La cortesía en Alemania suele ser más fácil de entender como atención a un entorno que como un libro de reglas nacional. Un piso compartido en Hamburgo, una visita familiar en la zona rural de Baviera, una multitud en el carnaval de Colonia y una sesión de estudio en línea plantean exigencias diferentes. La comunicación clara, el respeto por el tiempo de las personas y la atención a la privacidad son útiles en todas partes; La forma en que la gente saluda, acoge e improvisa todavía pertenece a su propio círculo.
Institución, club y hogar utilizan reglas diferentes
Una oficina municipal, un club de fútbol, una cocina de WG, una asociación de mezquita y un cumpleaños familiar no comparten un mismo código de etiqueta. Los títulos, zapatos, invitaciones, horarios de llegada y contribuciones a la comida dependen del escenario. Pregunte qué espera el anfitrión en lugar de convertir la puntualidad o el seguimiento de reglas en una personalidad.
Las reuniones comienzan con la señal de la otra persona
Un asentimiento, un saludo verbal, un apretón de manos o un abrazo pueden tener sentido. Dele a la otra persona espacio para elegir el contacto y seguir su ejemplo en lugar de tratar un gesto del primer encuentro como universal.
Los planes son información, no una etiqueta de personalidad
Confirmar una hora es considerado; cambiarlo con previo aviso también es normal. Un intercambio práctico puede enseñar frases para llegar tarde, cancelar por un turno o sugerir otra fecha.
La privacidad crece con la confianza
El salario, los conflictos familiares, las opiniones políticas, los detalles de la dirección y las fotografías de otras personas pueden ser personales. Pregunte antes de mover un chat a otra aplicación o solicitar una llamada, y acepte un no sin que sea una evidencia cultural.
Las casas y los edificios compartidos tienen sus propias normas
Los zapatos, un pequeño obsequio para el anfitrión, las horas de tranquilidad y quién es bienvenido en una habitación varían según el hogar.
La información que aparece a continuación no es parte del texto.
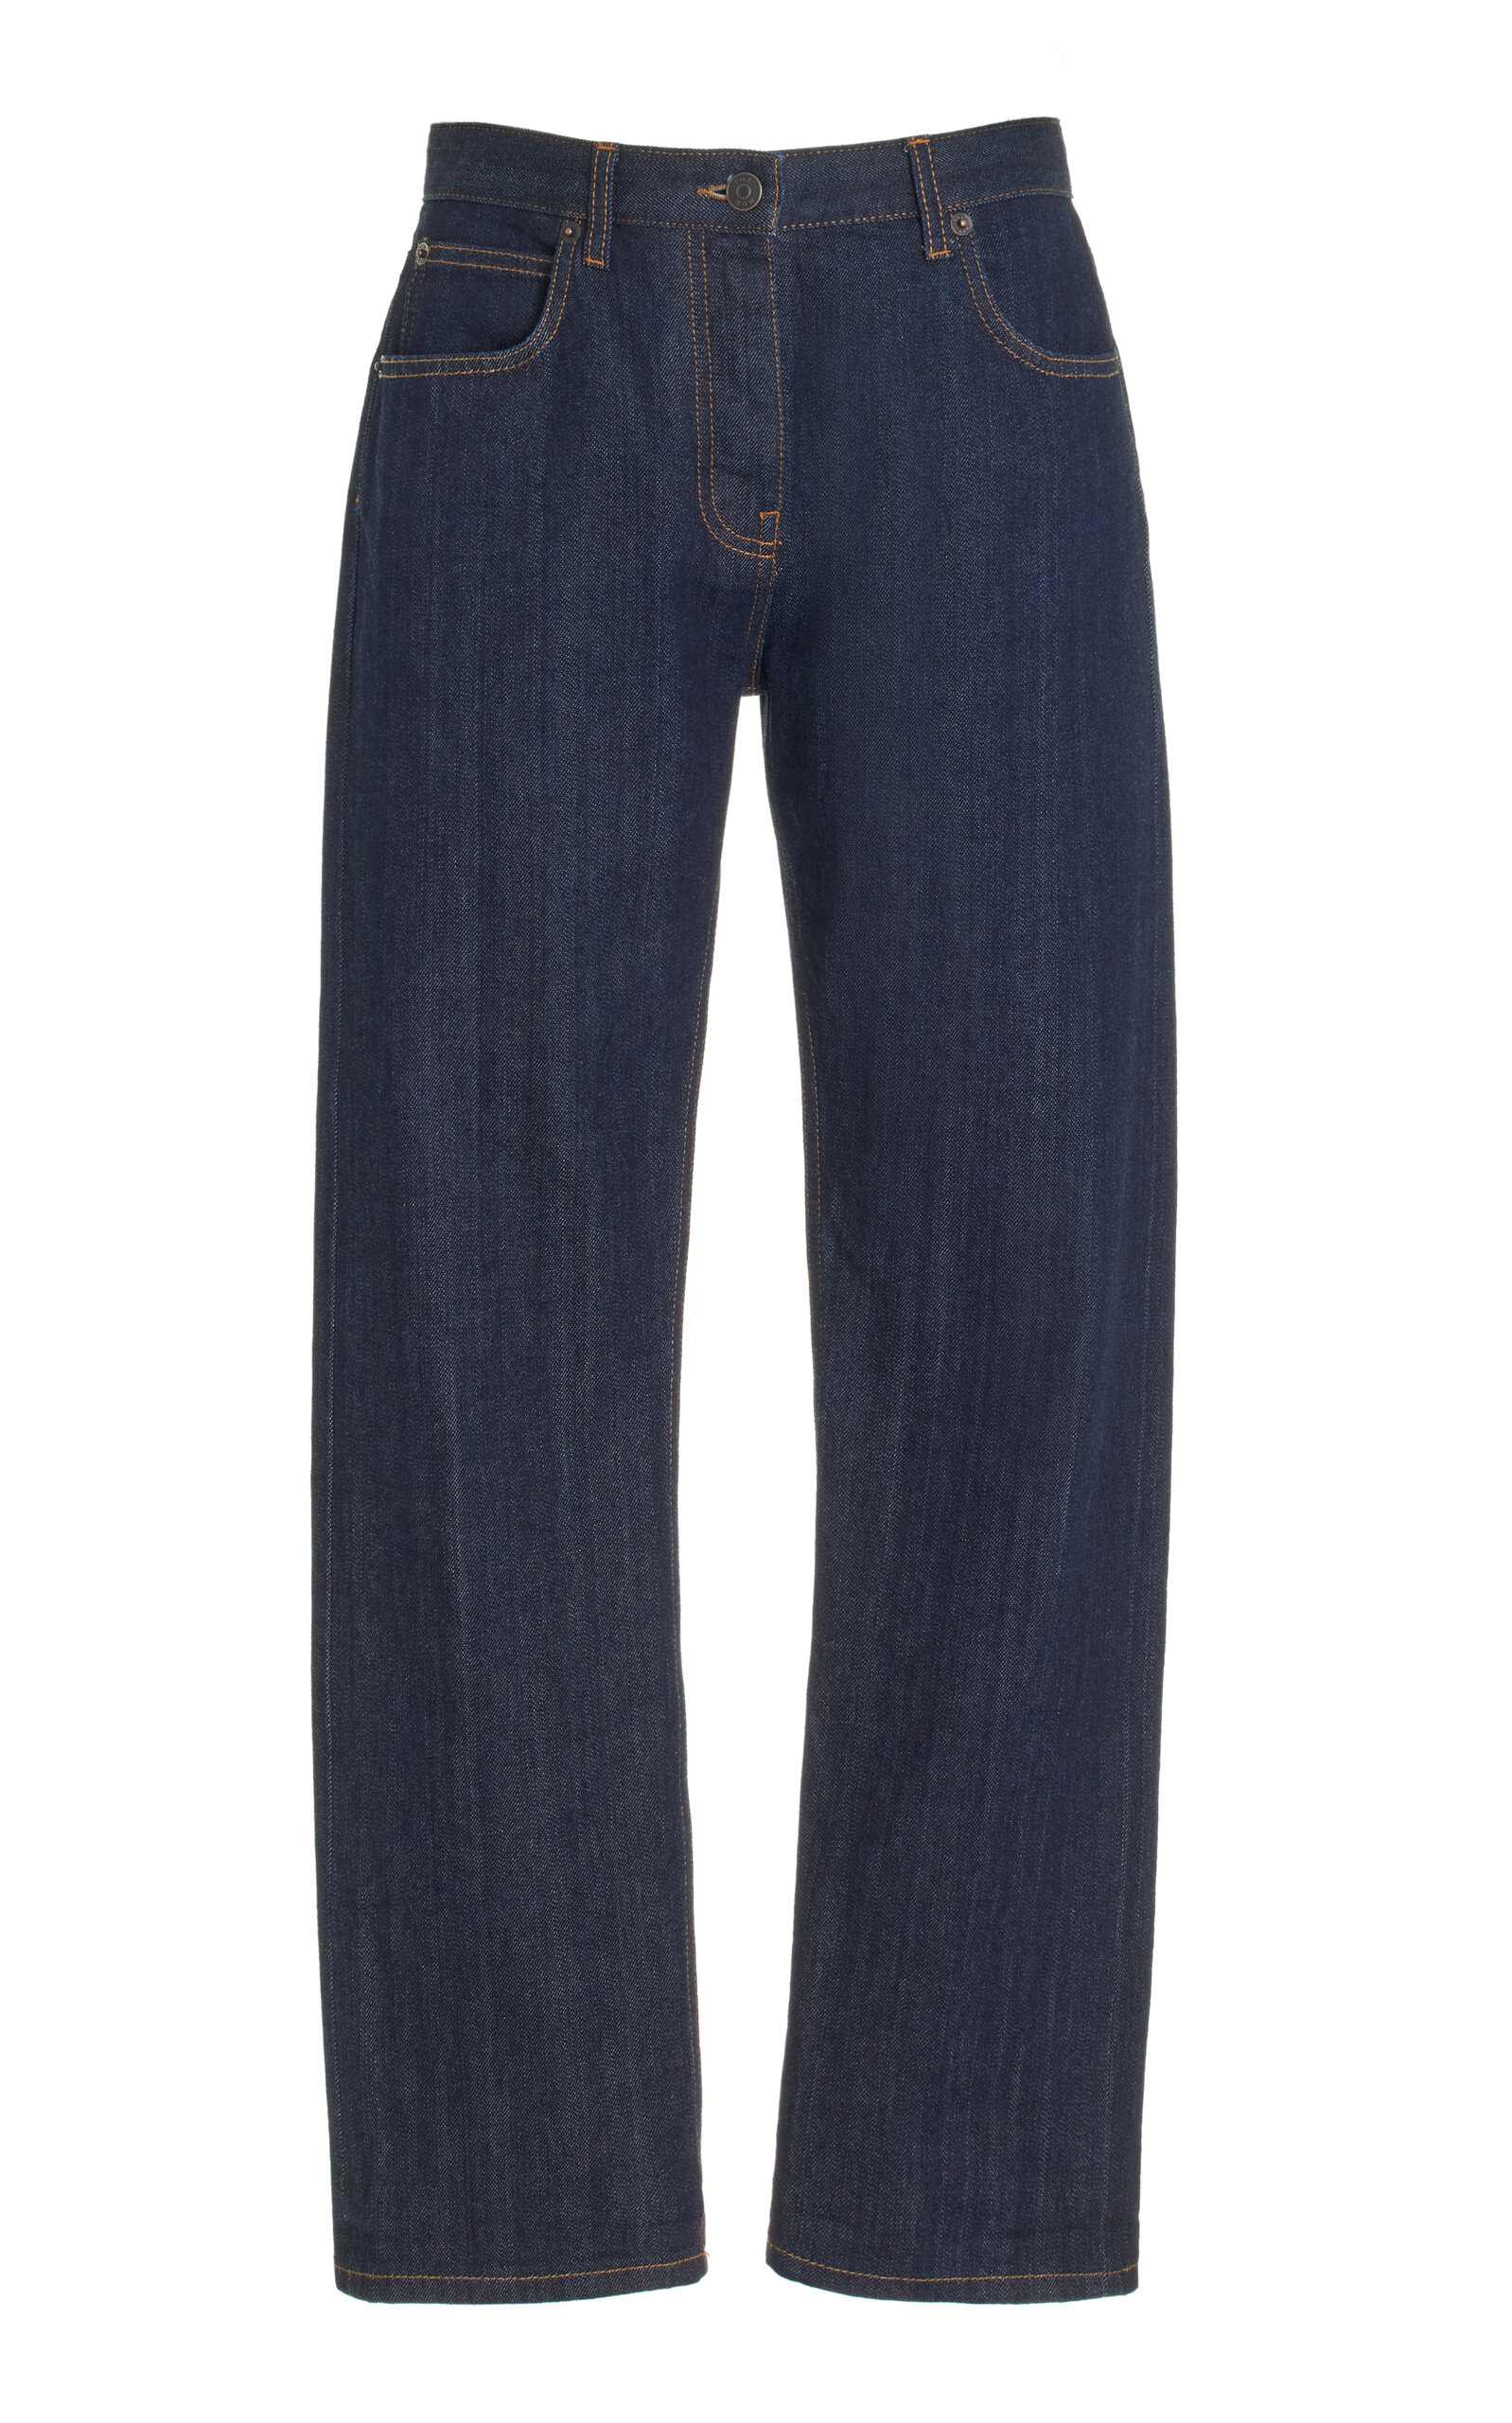 Riaco Selvedge Mid-Rise Skinny Jeans

Pregúntale a un amigo qué funciona en su casa en lugar de entregarle una lista de verificación de las costumbres alemanas.
Los modales en línea merecen el mismo cuidado
No utilice solicitudes repetidas de llamadas de voz ni suposiciones sobre el uso de la cámara como prueba de amabilidad. Una pareja puede tener compañeros de cuarto, familiares cerca, mala conexión o un nivel de comodidad diferente.
Ten en cuenta
La etiqueta es más útil cuando hace que otra persona se sienta cómoda, no cuando la convierte en representante de un país.
Preguntas para hacerle a su compañero de idiomas
- ¿Qué cortesía cambia más entre un lugar de trabajo, un Verein y el hogar de alguien?
- ¿Cuánta notificación suelen dar los amigos cuando hacen o cambian planes en su círculo?
- ¿Qué debe saber un huésped sobre el ruido del apartamento, los espacios compartidos o las visitas a los vecinos del lugar donde vive?
- ¿Qué hábito de chat en línea le parece cortés pero alguien en el extranjero puede malinterpretarlo?
- ¿Cómo corregirías amablemente a un recién llegado que entendió mal una regla en un edificio o club compartido?